The S-400 missile defense system is intended to give India's defence sector a cutting-edge security against any missile attack by its enemies.
The National Defense Authorization ACT (NDDA) 2019 gives president the power to waive of the CAATSA sanctions if it is national security interest. It also lists out several other options for presidential waiver, prominent among which is the purchase country – India in this case –is taking or will take steps to reduce its inventory of major defense equipment and advanced conventional weapons produced by the defense sector of the Russian Federation as a share of its total inventory of major defense equipment and advanced conventional weapons over a specified period.
In fact, over the last more than a decade, India the top arms purchaser of the world, has gradually reduced its dependence on Russian arms.

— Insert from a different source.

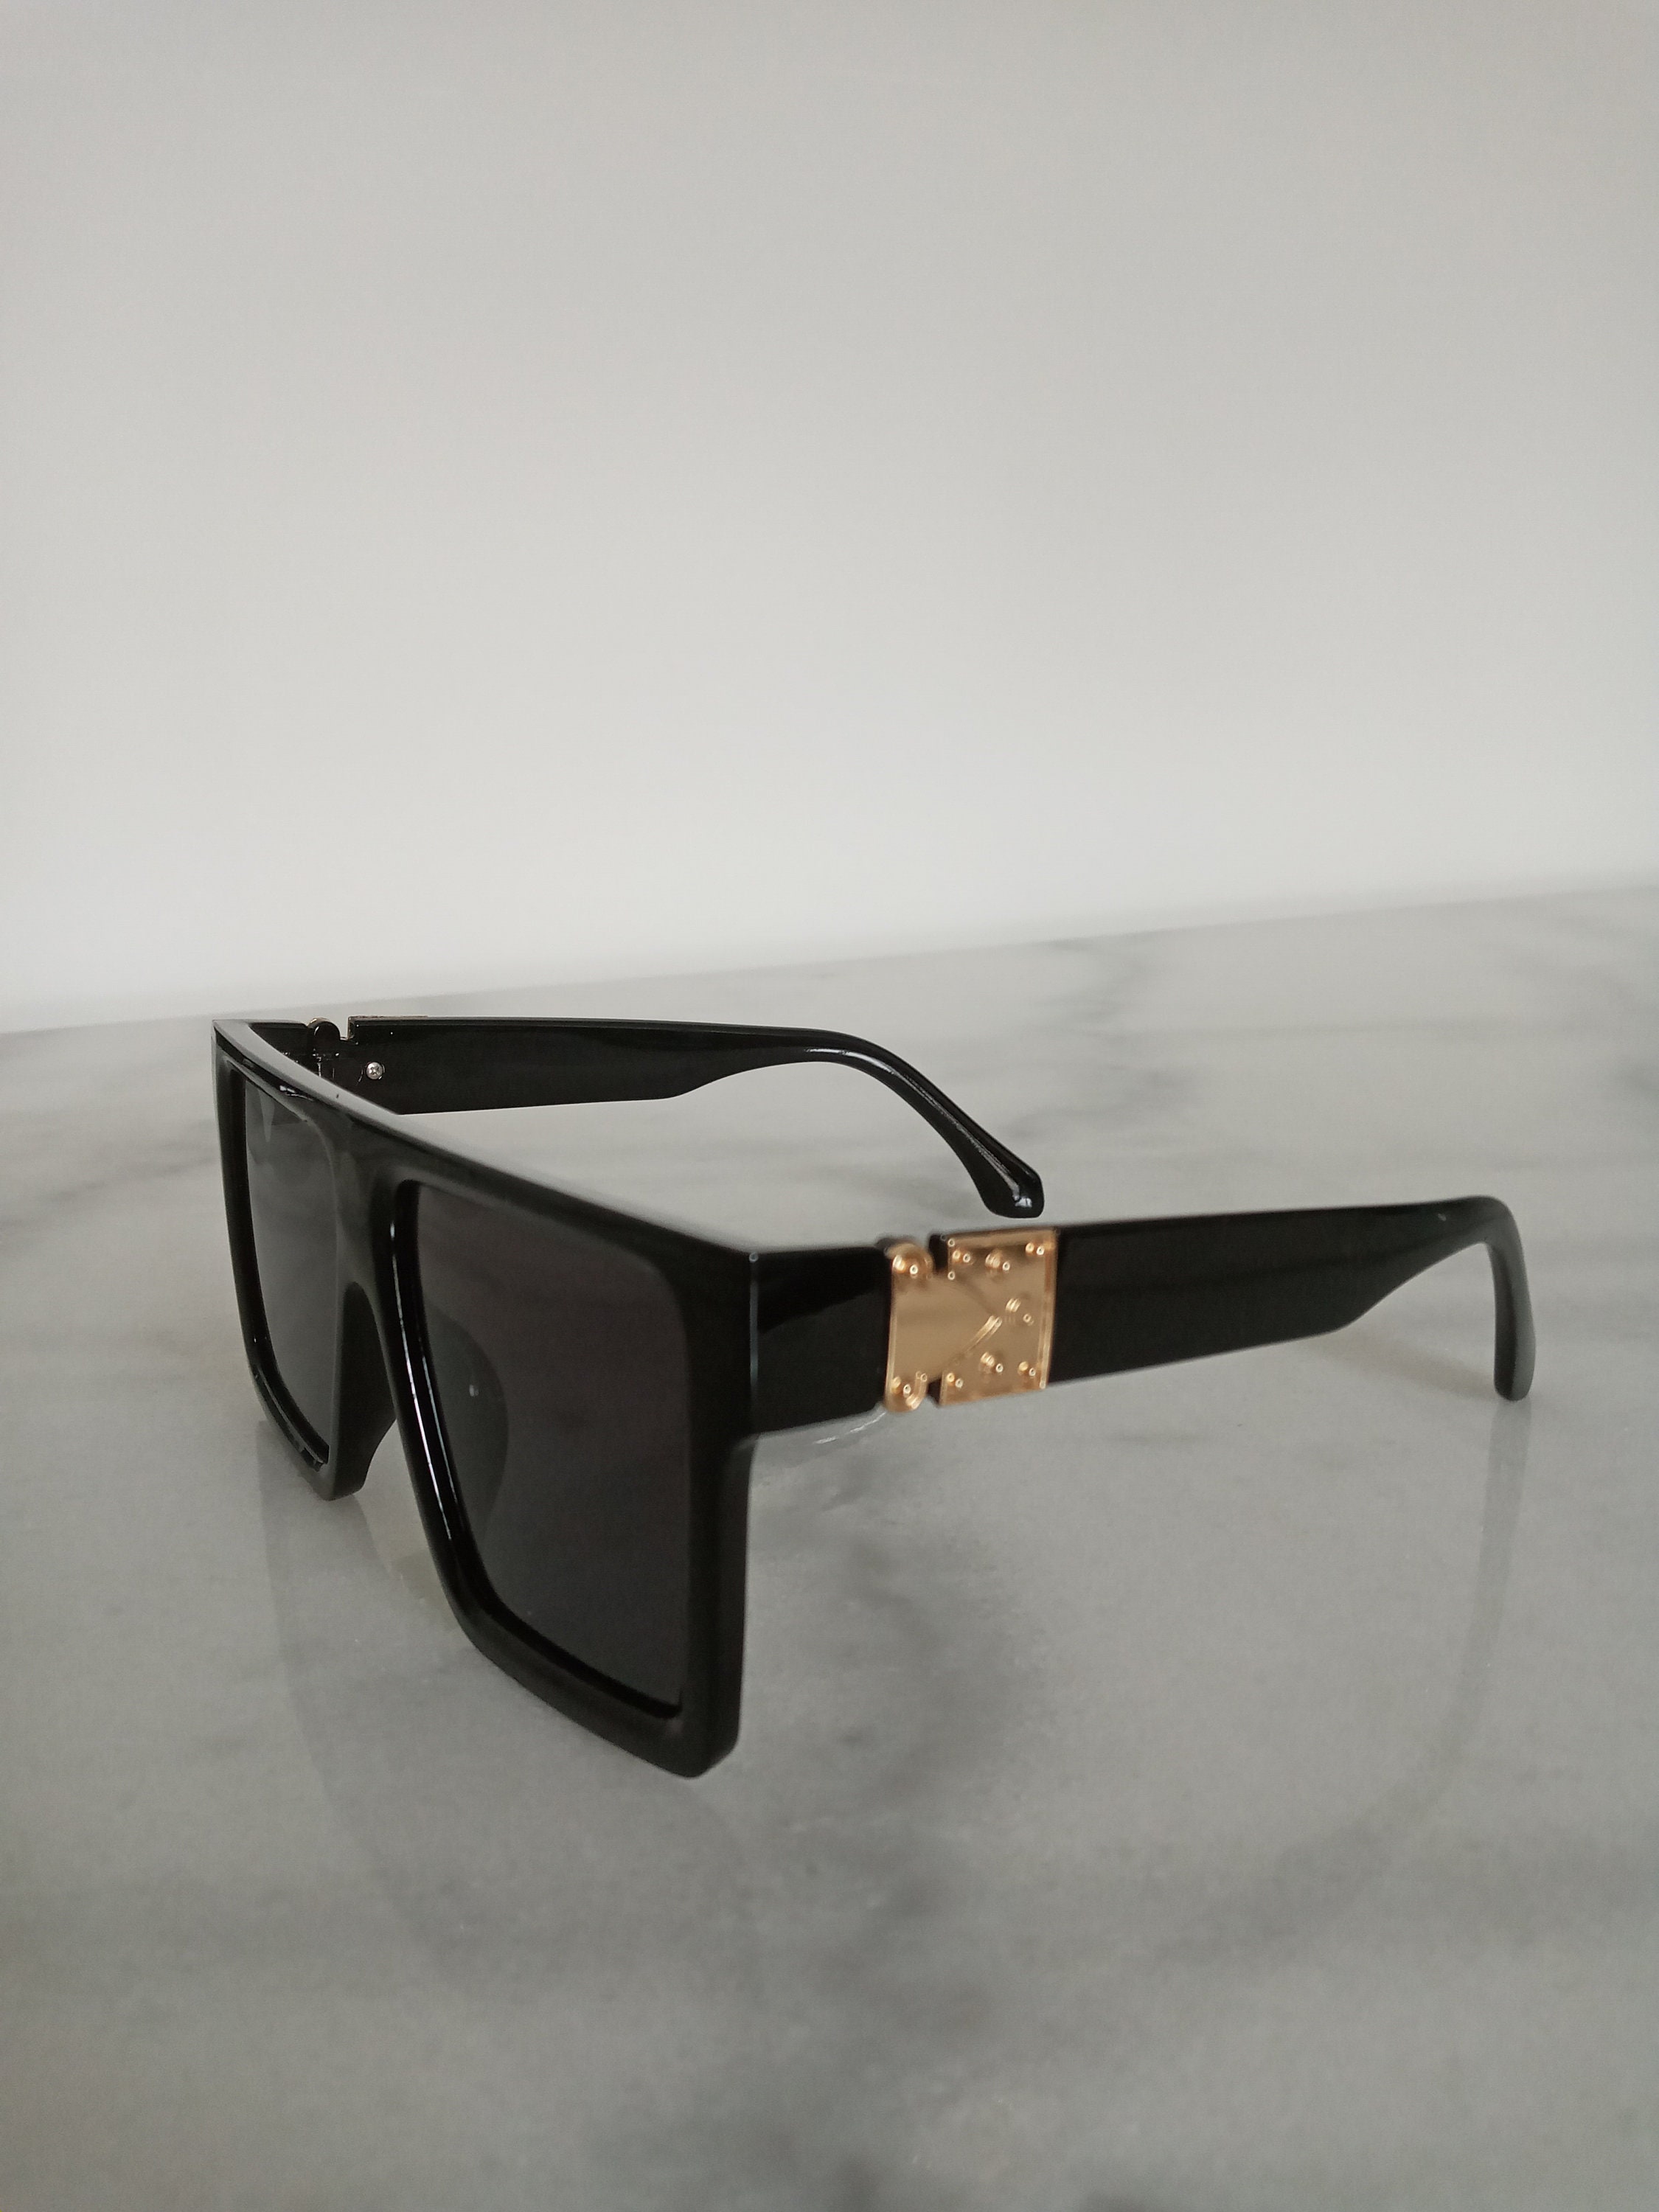 Louis vuitton sunglasses - Etsy

It now stands at about 60 percent, which is much lower than it was a decade ago. United States has been a major beneficiary of this.
As part of its diversification plan, India has increased its purchase of arms from the US from about zero to more than USD 18 billion. India is in the process of purchasing arms and equipment worth billions of dollars from the United States in the coming months and years including armed and unarmed drones and fighter jets.
A presidential waiver can also be given if a country like India in this case is cooperating with the United States government on other security matters that are critical to United States strategic interests.
The Russian Embassy in US tweeted that that the delivery of S-400 will begin in October.